What’s needed, says Tlusty, is an electronic system that can compare the species listed on an invoice with a database of threatened and endangered species. That kind of system could also tip inspectors off to a problem. “This box says it contains 40 goldfish, but it’s too heavy to be just 40 goldfish.” The system could also alert inspectors to companies or countries that have caused problems in the past. So even if only a small percentage of shipments gets inspected, those inspections would be targeted to likely trouble spots.

Misidentifications and deliberate mislabeling are frequent problems (some shipments are simply labeled “ornamental fish”). So one recent study proposes using DNA barcoding to identify species quickly and economically. But barcoding can require killing a sample fish.
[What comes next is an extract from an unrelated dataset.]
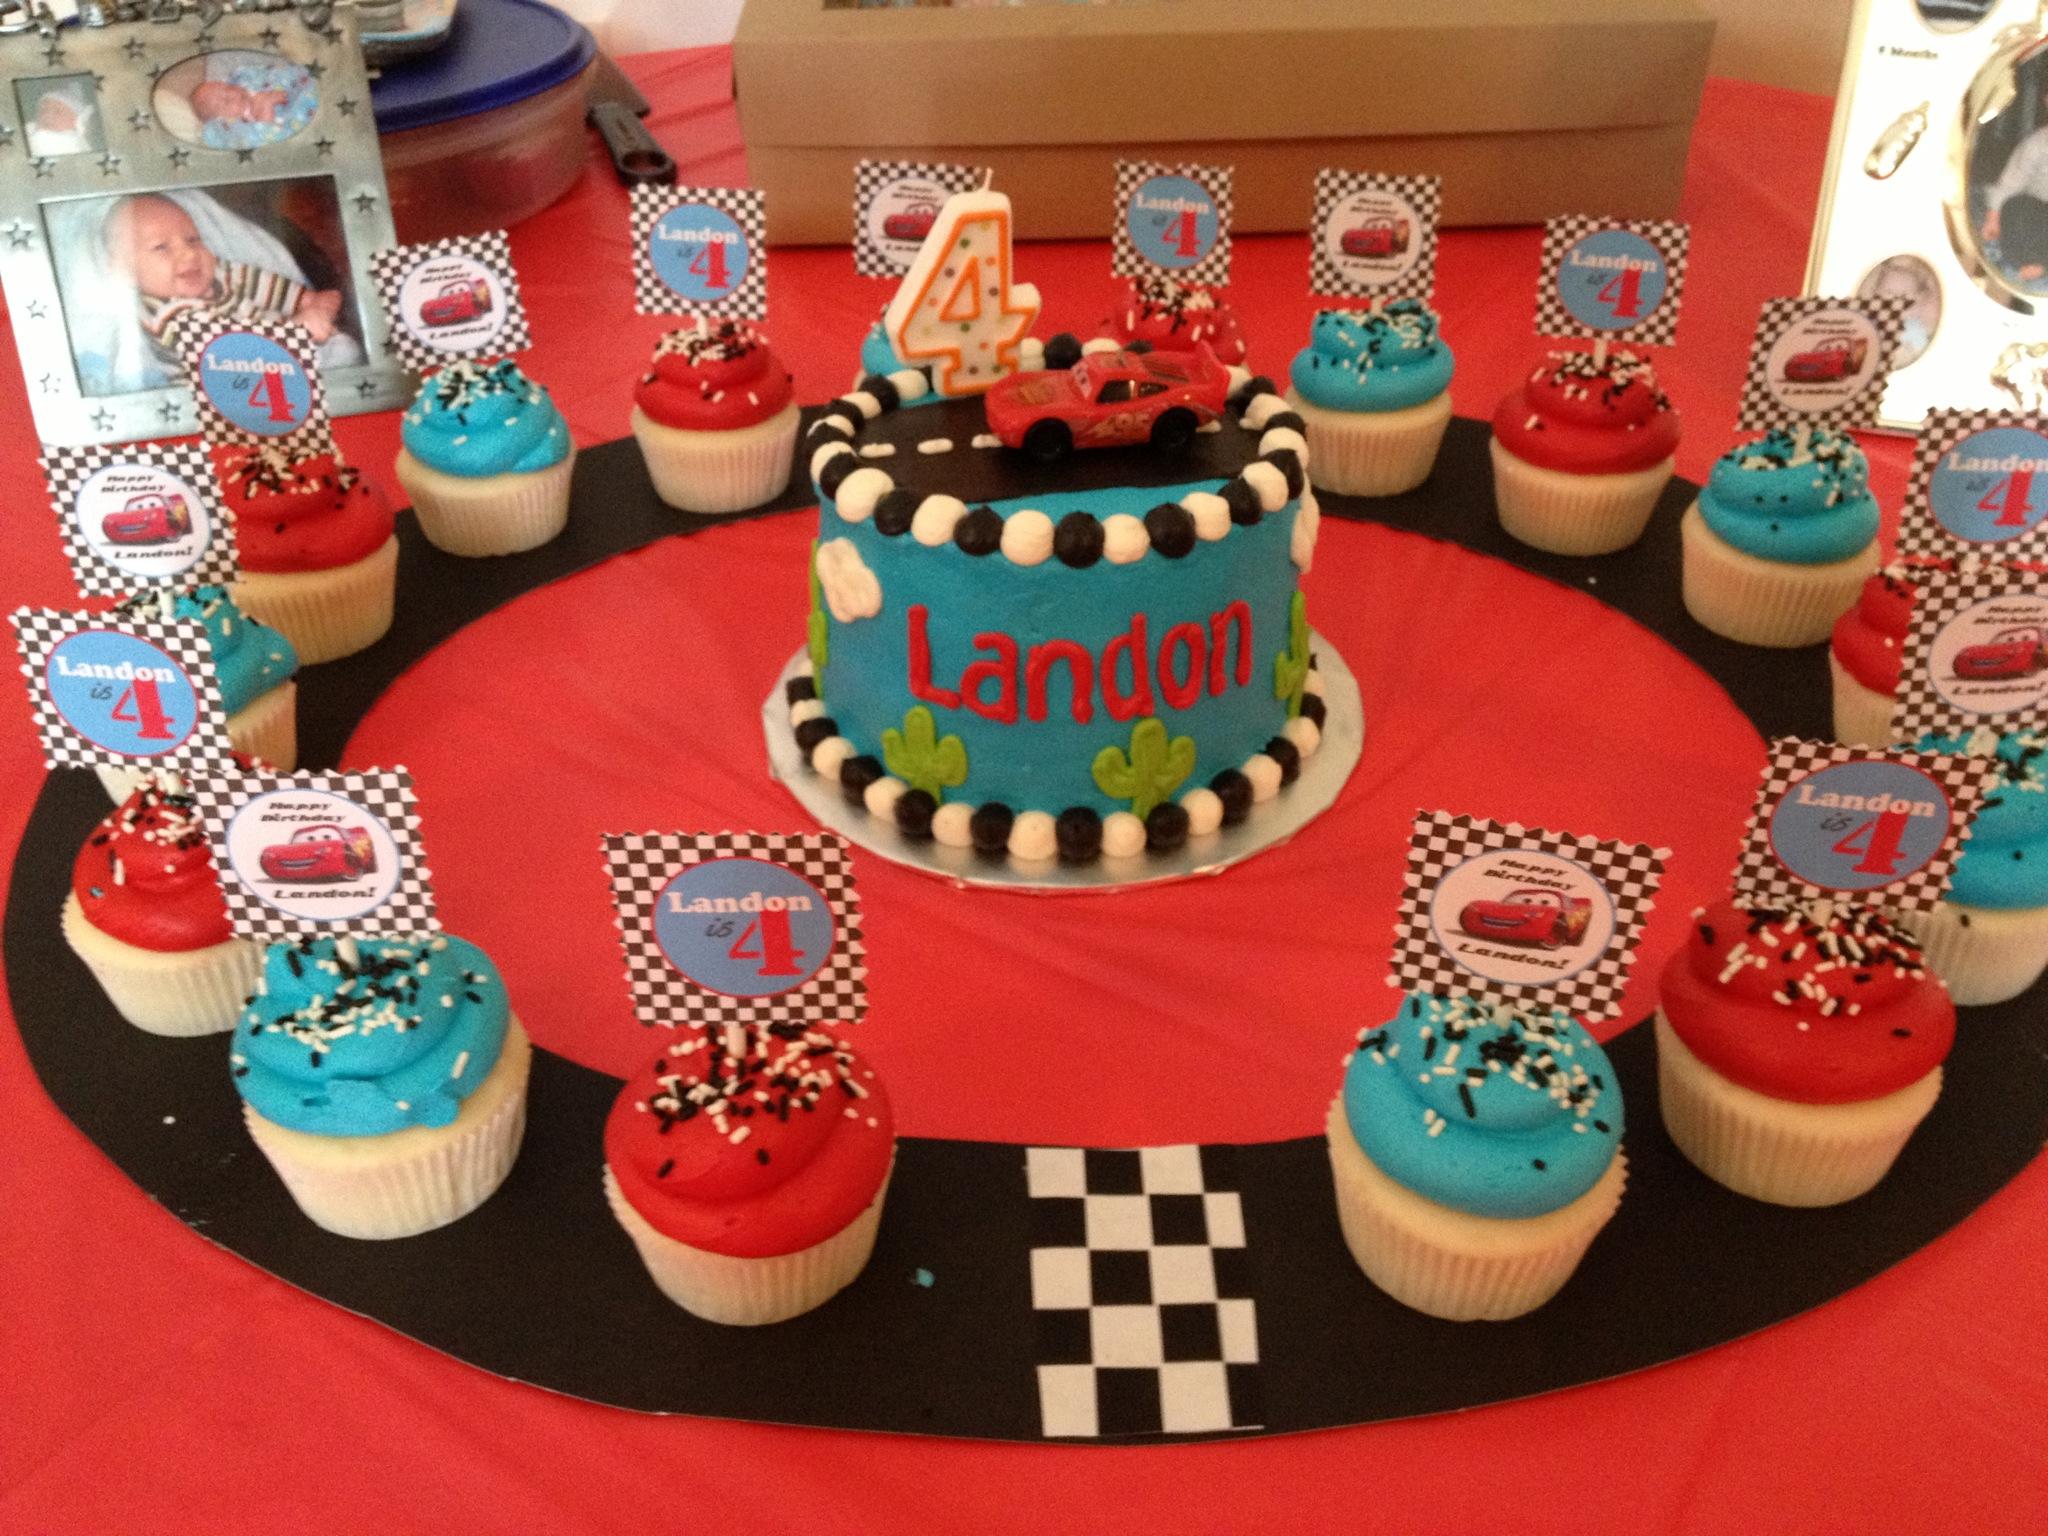 Marvelous 11 Disney Cars Birthday Cake With Cupcakes Photo Race Car Birthday Cards Printable Inklcafe Filternl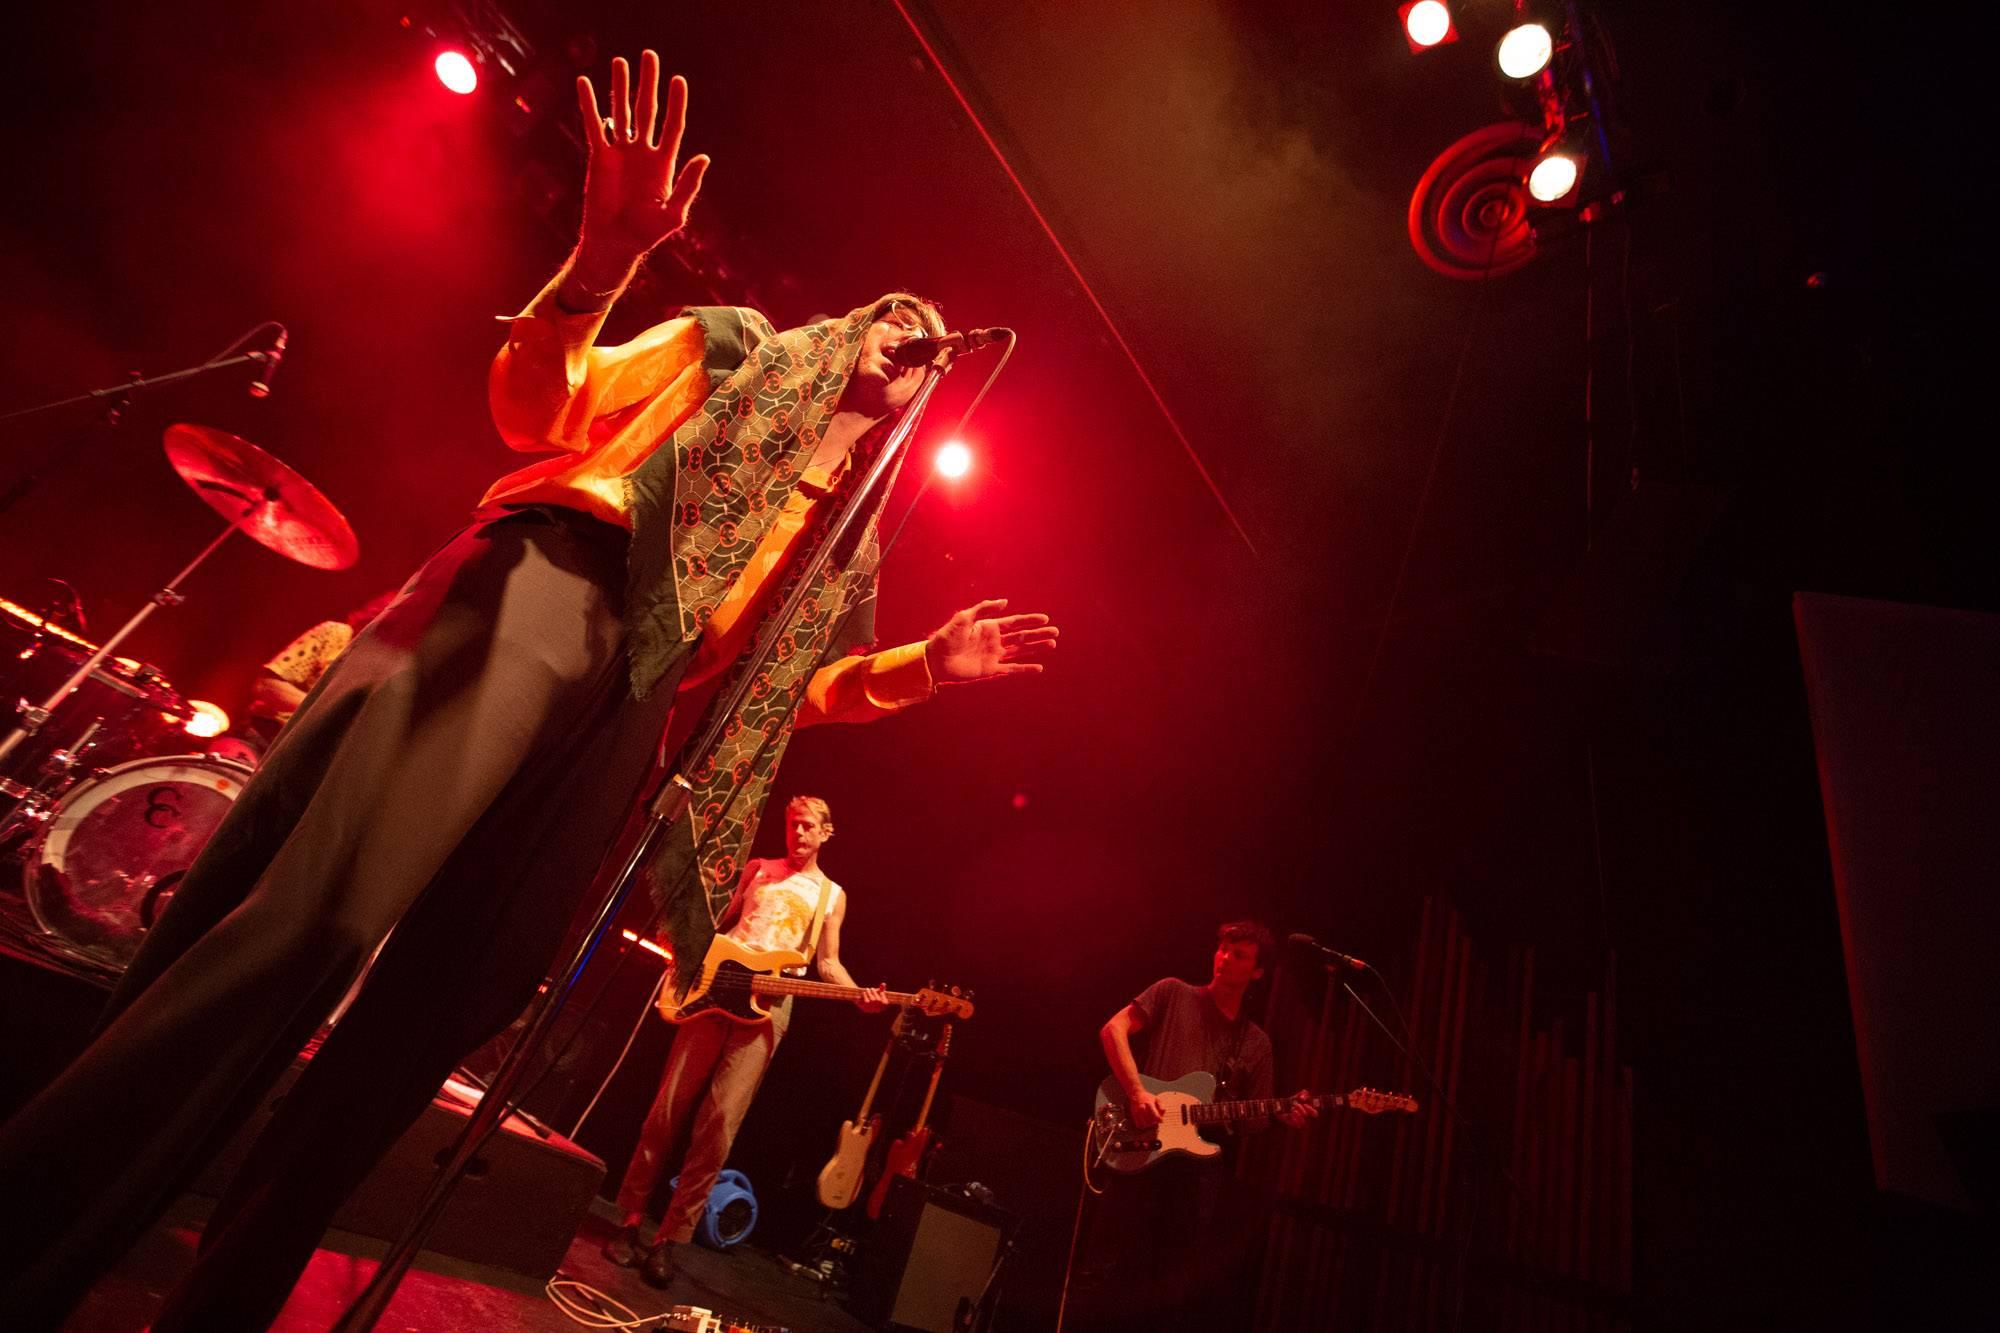 Deerhunter at the Rickshaw Theatre, Vancouver, Jul 22 2019. Kirk Chantraine photo.

So another study out this month in the journal Biological Invasions suggests instead that it’s possible to get a genetic identification for the species in a shipment just by sampling the water in which they have been swimming. Those kinds of inspections could take place on a highly automated basis.

One hitch for all of these proposals is that government inspectors, like other federal workers, are feeling intense budget pressure. On the other hand the aquarium fish trade continues to prosper, doing a $15-30 billion business annually worldwide. In keeping with the zen image of the hobby, trade associations frequently talk the talk about environmentally responsible practices. So maybe now the industry will step up and walk the walk.

Alternatively, the U.S. Fish and Wildlife Service could begin to encourage compliance by prosecuting pet stores and dealers. (It would be a relatively easy high school or college science project to get barcoding samples from the fish sold by local retailers, the way students now do barcoding studies to identify mislabeled species in the edible fish business.) The penalty under the Endangered Species Act for selling an endangered species can be as high as $50,000 and a year in prison per infraction—and that could make for some very expensive pet fish.